Google fined €325 Million by French regulator over ads and cookies
France’s CNIL fined Google €325 million for showing Gmail ads without consent and setting cookies improperly during account creation. The ruling affects tens of millions of French users and requires Google to change its practices or face further penalties.

France’s data protection watchdog, the CNIL, has fined Google €325 million for placing advertisements in Gmail inboxes without user consent and for setting cookies during the creation of Google accounts without properly informing users. The penalty follows investigations triggered by a 2022 complaint from privacy group NOYB (None Of Your Business).
What the CNIL found
The CNIL’s inspections between 2022 and 2023 focused on Gmail and Google account sign-ups. They found two major breaches:
- Ads in Gmail without consent
- Gmail users who enabled ‘smart features’ to sort their inbox into tabs like Primary, Promotions, and Social were shown advertising messages that looked like regular emails.
- These ads appeared without user consent, which violates French law on electronic communications.
- Even though Google adjusted the look of these ads in 2023 to make them easier to spot, the CNIL ruled they still counted as direct marketing by email, and therefore required explicit consent.
- Cookies without informed consent
- When creating a Google account, users were steered toward accepting cookies for personalised ads rather than generic ones.
- Until October 2023, refusing these cookies was harder than accepting them, and users were not clearly told that accessing Google services required cookie placement.
- This meant consent was not freely given or fully informed, breaching France’s Data Protection Act.
Penalties and orders
- Google LLC was fined €200 million, while Google Ireland Limited was fined €125 million.
- The companies have six months to fix the issues:
- Stop displaying ads in Gmail without prior consent.
- Ensure account-creation cookies are based on valid, informed consent.
- If they fail, both firms face €100,000 in daily penalties.

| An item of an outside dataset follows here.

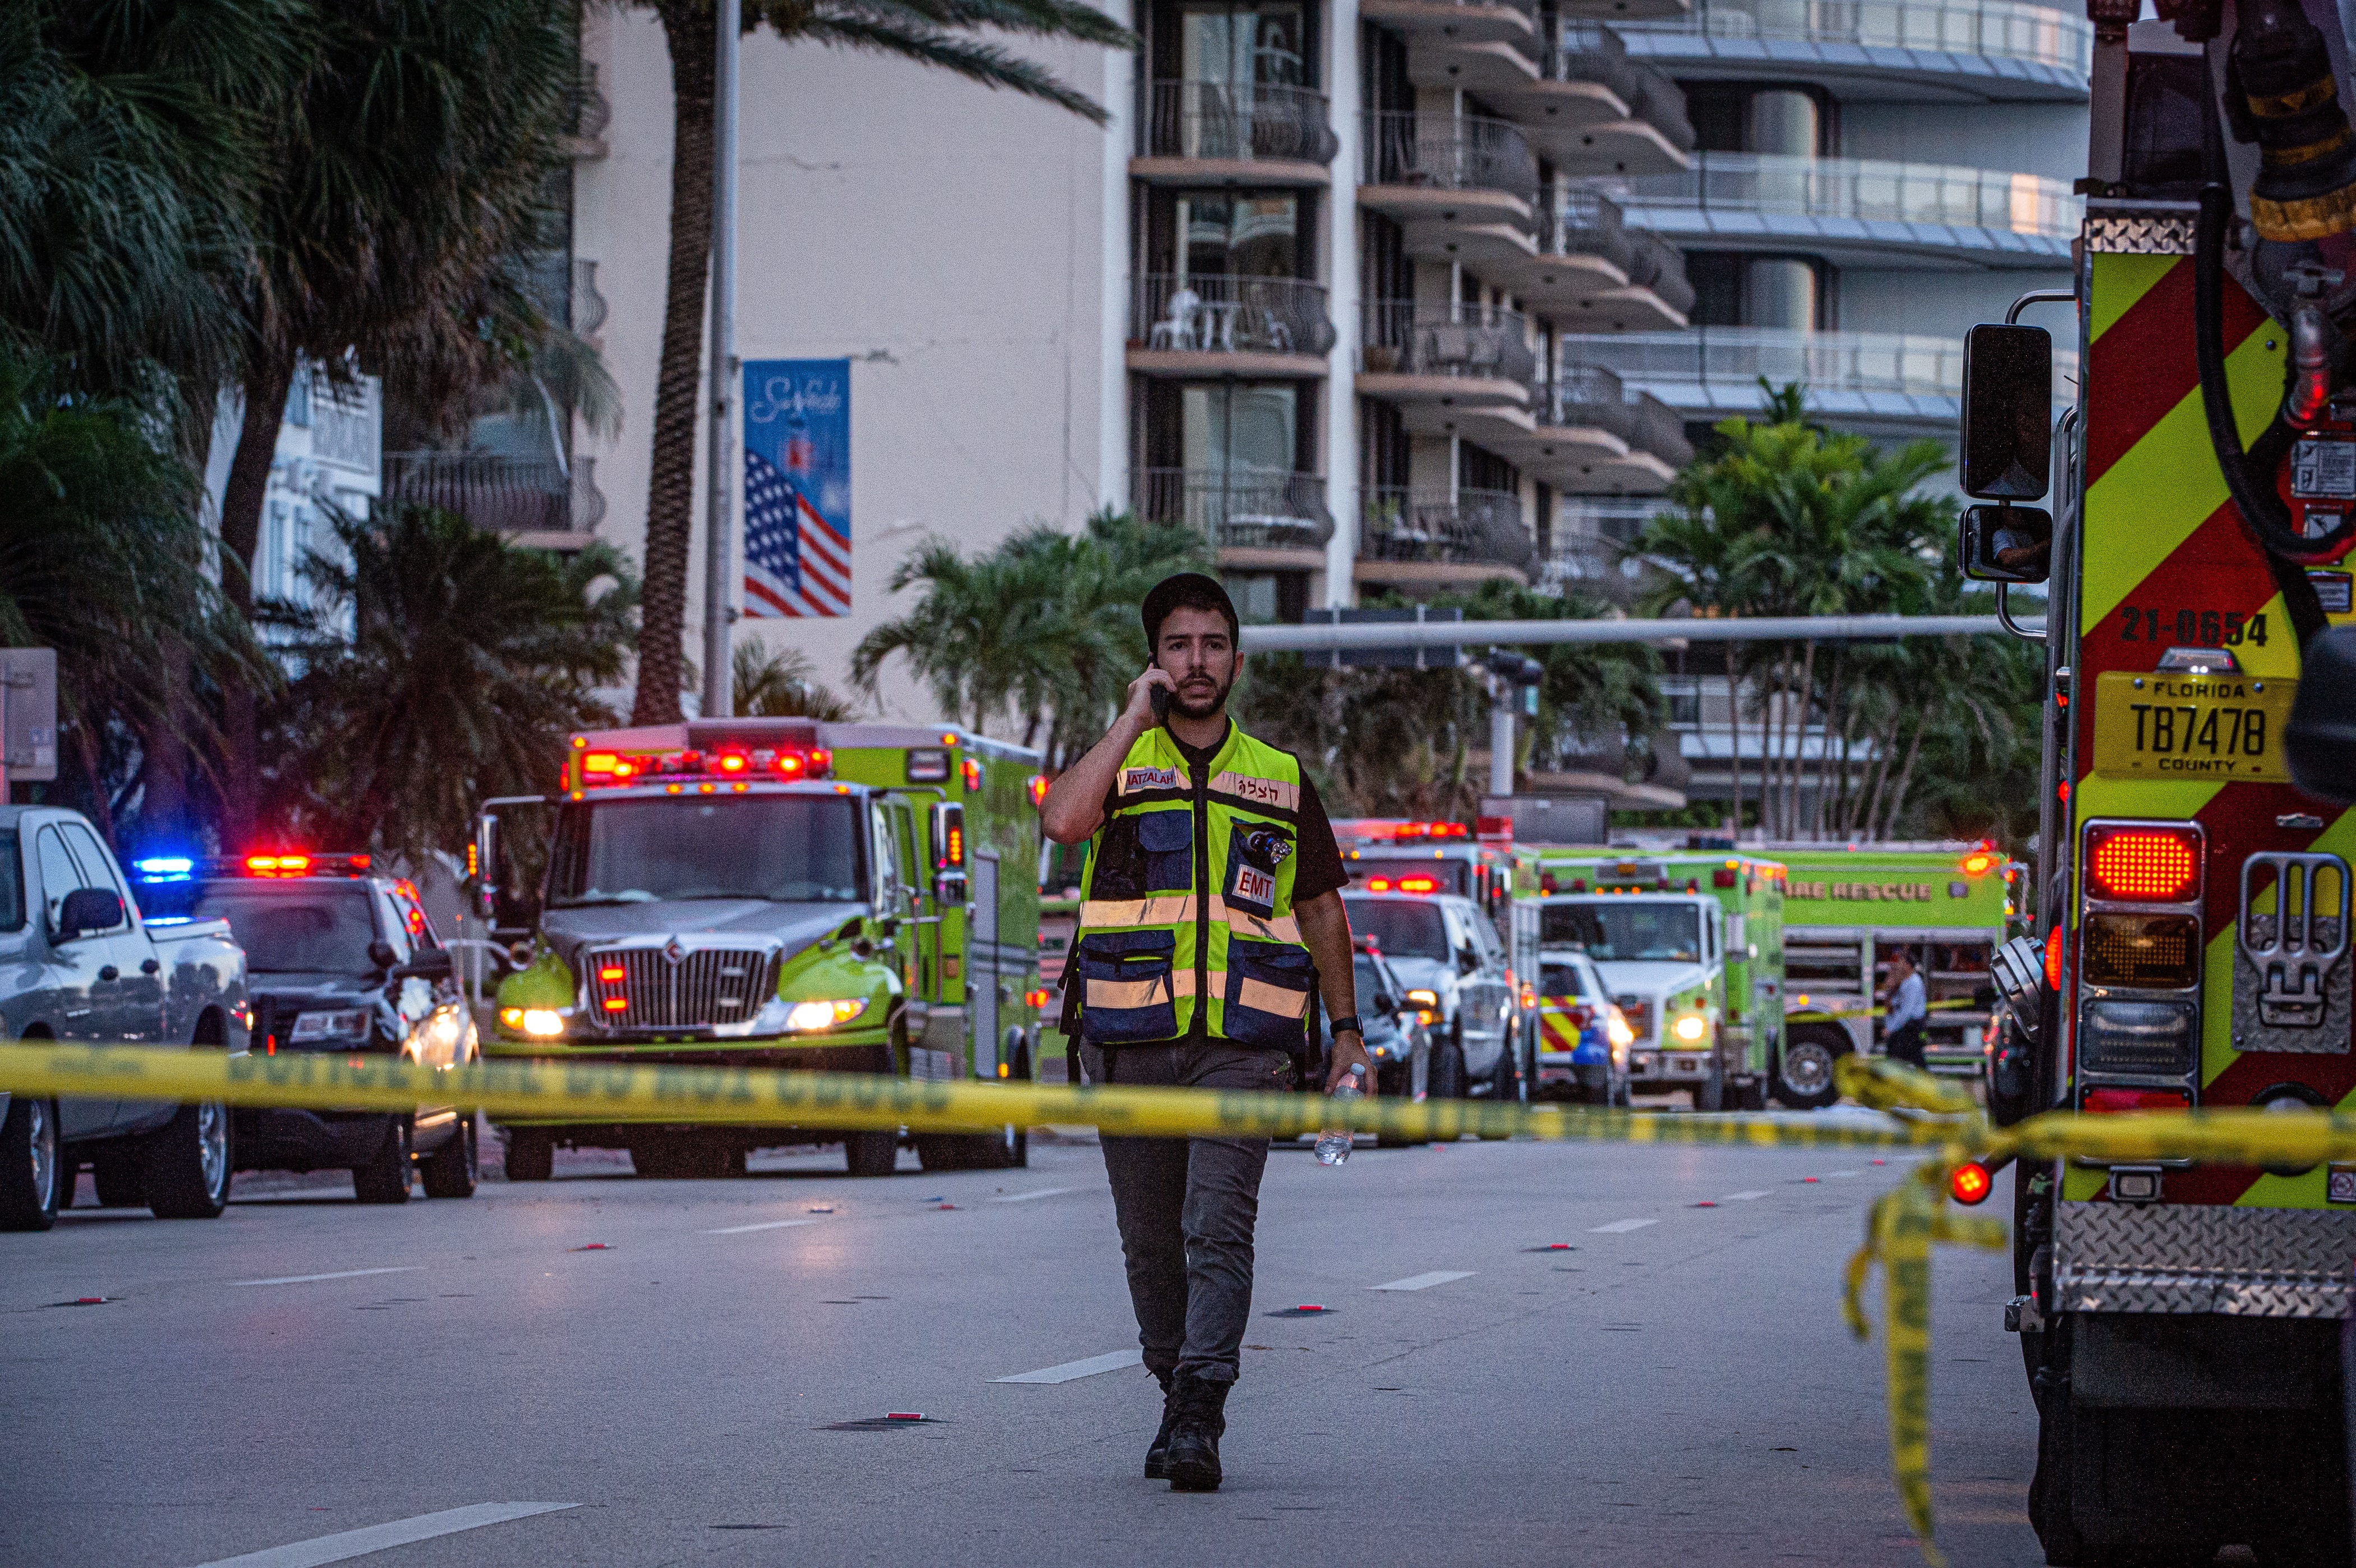 El derrumbe parcial de un edificio residencial en Florida ha dejado por lo menos a 99 desaparecidos. (Foto Prensa Libre: Hemeroteca PL)

The CNIL emphasised that the breaches affected a huge number of users in France: over 74 million Google accounts, with 53 million Gmail users exposed to ads in their inbox tabs.
Context and past violations
Google is a dominant player in online advertising, and Gmail is the world’s most-used email service. The CNIL noted Google had already been sanctioned in 2020 and 2021 for cookie-related violations, making these new breaches a sign of negligence.
The CNIL also clarified that this case falls under the ePrivacy Directive, not the GDPR. That gave it direct jurisdiction, since the practices targeted French users and involved Google’s French operations.
Why this matters
This ruling underscores the importance of user consent in online advertising. For consumers, it highlights how ads and cookies can be embedded into services in ways that are not always transparent. For civil society, the decision reinforces the push for stronger enforcement of privacy rights against powerful tech firms and greater accountability in how digital services operate.